In the case of Gregory v. L. & N. R. R. Co., 25 Ky. L. R. 1986, it is said, in substance, that if railroad companies should be required at all places up and down their lines to run their trains with the view of safety to trespassers "the result would be to practically abandon the roads to them" and would so retard the railroad business as to practically destroy it. The doctrine of that case was quoted and adopted in the later one of Willis ' Admrx. v. L. & N. R. R. Co., 164 Ky. 124, in which case, according to the testimony, as many as one hundred and twenty-five people used the tracks at the place of the accident every day, though it was in the country but surrounded by a more thickly populated community than the one in the present case. Other recent cases following the rule as laid down in the Adkins, Gregory and Willis cases are: L. & N. R. R. Co. v. Horton, 186 Ky. 617; Hungate v. Hines, 188 Ky. 365; C., N. O. & T. P. R. R. Co. v. Brown, 192 Ky. 724; Henson's Admr. v. Hines, 193 Ky. 198; Howard v. I. C. R. R. Co., 189 Ky. 60; McKnight's Admr. v. L. & N. R. R. Co., 168 Ky. 86, and Sizemore's Admr. v. L. & E. R. R. Co., 169 Ky. 497 These later cases hold, in substance, that although the place of the accident be in an incorporated town, still if the amount of travel was not such, and had not been such, for a sufficient length of time as to create the presumption of an acquiescence on the part of the company and to require the operators of trains to anticipate the presence of persons upon the track, the duty to do so does not exist; and further, that in no case in the country will such duty arise unless the required amount of travel exists and it is in a thickly populated community. The truth of the matter is that the doctrine should not be extended, since to do so, as stated in a number of the eases referred to, would - largely curtail and in some places practically destroy the efficiency of railroads in discharging the very purpose of their organization and operation, which is rapid transportation. Perhaps, a better rule would be, as it does exist in some countries, that such trespassing should be positively forbidden. But it is our duty to apply the rule as announced in cases requiring it unless -some statutory alteration is made, but we do not feel that it should be extended beyond the limits stated in the later cases referred to.
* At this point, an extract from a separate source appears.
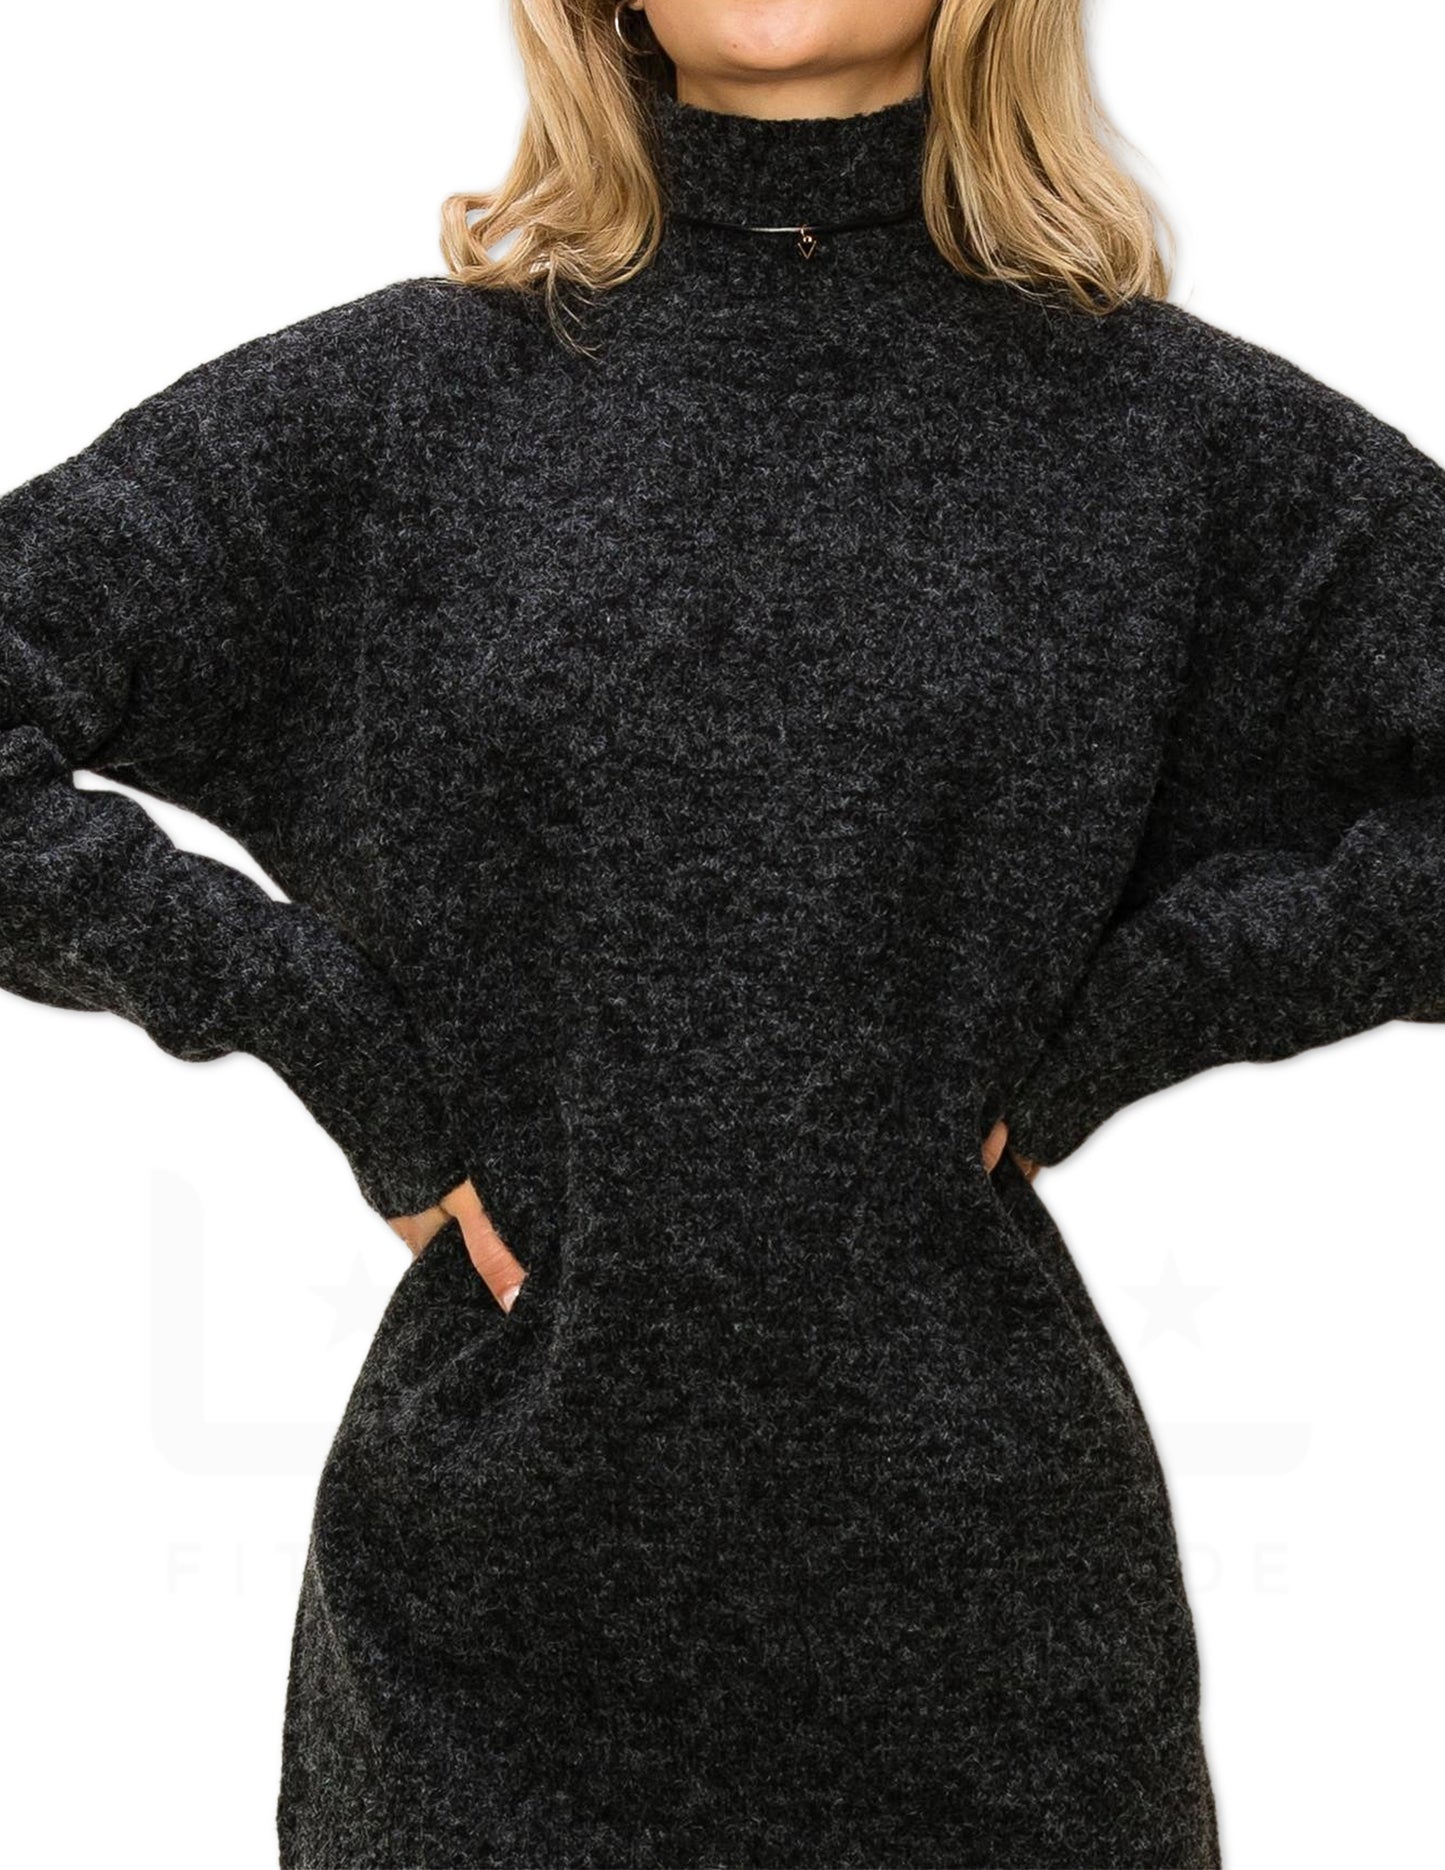 High Neck Sweater Dress - Black

We, therefore, conclude that no negligence against defendant was shown at the last trial, which dispenses with the necessity of discussing or determining other questions raised, though it is doubtful if the evidence on that trial was sufficient to -authorize a finding that the death of decedent was produced Iby a collision with defendant's train. Instruction number one was also erroneous in many particulars, chief among which is that it assumed that the place where decedent was killed was one requiring precautionary measures on the part of the operators of the train, and it also required such precautions on their part as would enable a pedestrian on the track "to reach a place of safety." It is open to other criticisms but, in view of what has been said, we will take neither the time nor the space to point them out.
The motion for a peremptory instruction made by the defendant should have been sustained, and the judgment is reversed with directions to grant a new trial and for proceedings consistent with this opinion.